[Records from a collection]
=== Begin Enclosure ===

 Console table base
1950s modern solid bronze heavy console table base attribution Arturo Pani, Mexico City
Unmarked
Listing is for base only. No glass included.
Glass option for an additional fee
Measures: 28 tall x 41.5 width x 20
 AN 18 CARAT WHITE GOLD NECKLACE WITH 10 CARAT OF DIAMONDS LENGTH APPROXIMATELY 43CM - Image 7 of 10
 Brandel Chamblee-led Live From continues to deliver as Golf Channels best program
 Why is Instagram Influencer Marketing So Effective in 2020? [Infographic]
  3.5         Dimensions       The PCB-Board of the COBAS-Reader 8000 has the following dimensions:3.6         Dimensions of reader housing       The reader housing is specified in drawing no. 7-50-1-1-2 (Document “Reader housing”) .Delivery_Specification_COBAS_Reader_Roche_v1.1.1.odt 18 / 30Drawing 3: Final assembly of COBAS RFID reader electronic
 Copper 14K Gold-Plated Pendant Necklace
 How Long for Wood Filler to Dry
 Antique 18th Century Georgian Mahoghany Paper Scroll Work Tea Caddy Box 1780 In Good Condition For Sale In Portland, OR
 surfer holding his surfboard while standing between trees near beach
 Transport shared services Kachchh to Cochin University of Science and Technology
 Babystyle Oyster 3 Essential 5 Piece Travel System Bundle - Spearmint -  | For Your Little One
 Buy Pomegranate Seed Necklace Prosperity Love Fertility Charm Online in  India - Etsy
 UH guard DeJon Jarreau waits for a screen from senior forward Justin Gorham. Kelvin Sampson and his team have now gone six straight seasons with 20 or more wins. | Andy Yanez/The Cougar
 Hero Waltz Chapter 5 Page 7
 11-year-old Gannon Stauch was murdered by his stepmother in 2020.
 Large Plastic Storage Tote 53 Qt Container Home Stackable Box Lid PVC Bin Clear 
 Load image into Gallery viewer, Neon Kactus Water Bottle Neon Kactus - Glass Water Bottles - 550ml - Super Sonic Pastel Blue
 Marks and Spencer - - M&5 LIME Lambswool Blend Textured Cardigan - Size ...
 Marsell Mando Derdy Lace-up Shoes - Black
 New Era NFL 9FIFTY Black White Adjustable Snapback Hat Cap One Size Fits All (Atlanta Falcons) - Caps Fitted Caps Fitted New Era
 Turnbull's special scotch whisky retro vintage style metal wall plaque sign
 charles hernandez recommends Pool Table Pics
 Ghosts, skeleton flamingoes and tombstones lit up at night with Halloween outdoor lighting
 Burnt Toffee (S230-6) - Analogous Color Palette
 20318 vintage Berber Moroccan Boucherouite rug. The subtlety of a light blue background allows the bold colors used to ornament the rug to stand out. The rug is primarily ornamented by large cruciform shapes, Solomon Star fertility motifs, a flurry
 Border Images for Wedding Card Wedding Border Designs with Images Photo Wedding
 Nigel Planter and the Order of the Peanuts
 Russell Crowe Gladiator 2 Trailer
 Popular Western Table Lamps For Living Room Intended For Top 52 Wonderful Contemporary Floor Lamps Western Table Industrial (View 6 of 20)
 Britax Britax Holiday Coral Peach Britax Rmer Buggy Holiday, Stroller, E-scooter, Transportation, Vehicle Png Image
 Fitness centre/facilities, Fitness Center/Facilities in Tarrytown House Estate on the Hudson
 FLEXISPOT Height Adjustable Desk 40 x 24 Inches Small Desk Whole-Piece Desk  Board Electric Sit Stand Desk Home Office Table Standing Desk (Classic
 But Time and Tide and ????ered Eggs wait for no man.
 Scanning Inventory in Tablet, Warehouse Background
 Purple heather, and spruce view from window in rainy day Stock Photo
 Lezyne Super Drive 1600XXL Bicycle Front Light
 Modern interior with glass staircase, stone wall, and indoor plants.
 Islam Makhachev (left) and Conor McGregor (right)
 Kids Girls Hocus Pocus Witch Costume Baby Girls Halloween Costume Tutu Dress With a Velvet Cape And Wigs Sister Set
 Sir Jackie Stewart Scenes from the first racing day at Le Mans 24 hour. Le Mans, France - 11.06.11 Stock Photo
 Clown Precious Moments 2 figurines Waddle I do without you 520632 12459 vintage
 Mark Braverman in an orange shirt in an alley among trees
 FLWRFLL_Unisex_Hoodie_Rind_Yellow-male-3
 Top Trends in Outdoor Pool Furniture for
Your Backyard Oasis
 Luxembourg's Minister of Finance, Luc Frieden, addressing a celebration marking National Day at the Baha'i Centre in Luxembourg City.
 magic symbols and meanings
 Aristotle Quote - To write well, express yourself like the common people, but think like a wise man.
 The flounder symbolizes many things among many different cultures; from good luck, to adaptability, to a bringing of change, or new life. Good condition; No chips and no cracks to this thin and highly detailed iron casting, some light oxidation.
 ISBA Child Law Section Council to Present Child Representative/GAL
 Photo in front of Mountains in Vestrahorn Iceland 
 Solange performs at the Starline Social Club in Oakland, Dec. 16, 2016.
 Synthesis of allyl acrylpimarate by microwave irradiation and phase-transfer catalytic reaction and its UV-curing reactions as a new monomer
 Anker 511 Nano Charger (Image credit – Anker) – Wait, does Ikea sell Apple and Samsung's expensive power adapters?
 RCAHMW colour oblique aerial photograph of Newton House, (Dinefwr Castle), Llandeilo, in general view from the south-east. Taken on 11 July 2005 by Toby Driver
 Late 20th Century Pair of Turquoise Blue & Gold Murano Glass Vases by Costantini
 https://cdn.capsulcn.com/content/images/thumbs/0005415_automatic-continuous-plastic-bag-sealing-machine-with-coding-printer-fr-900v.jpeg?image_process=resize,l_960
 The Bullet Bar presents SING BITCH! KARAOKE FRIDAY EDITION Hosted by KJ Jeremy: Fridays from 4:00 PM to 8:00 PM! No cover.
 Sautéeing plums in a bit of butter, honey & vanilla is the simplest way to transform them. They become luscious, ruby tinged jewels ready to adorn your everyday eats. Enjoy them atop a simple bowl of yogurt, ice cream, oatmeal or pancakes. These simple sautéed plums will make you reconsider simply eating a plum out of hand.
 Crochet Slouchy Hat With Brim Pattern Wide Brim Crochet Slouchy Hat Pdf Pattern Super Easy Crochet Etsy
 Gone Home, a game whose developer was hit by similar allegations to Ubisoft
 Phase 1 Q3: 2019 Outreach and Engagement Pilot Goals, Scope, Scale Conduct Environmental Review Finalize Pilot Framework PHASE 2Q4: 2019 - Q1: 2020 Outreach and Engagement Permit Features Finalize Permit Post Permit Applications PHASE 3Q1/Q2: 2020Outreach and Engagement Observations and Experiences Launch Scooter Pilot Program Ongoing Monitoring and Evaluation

=== End Enclosure ===

Activity
Identify the lines in the entries that hold "among" and return each one.

Solution
 Mark Braverman in an orange shirt in an alley among trees
 The flounder symbolizes many things among many different cultures; from good luck, to adaptability, to a bringing of change, or new life. Good condition; No chips and no cracks to this thin and highly detailed iron casting, some light oxidation.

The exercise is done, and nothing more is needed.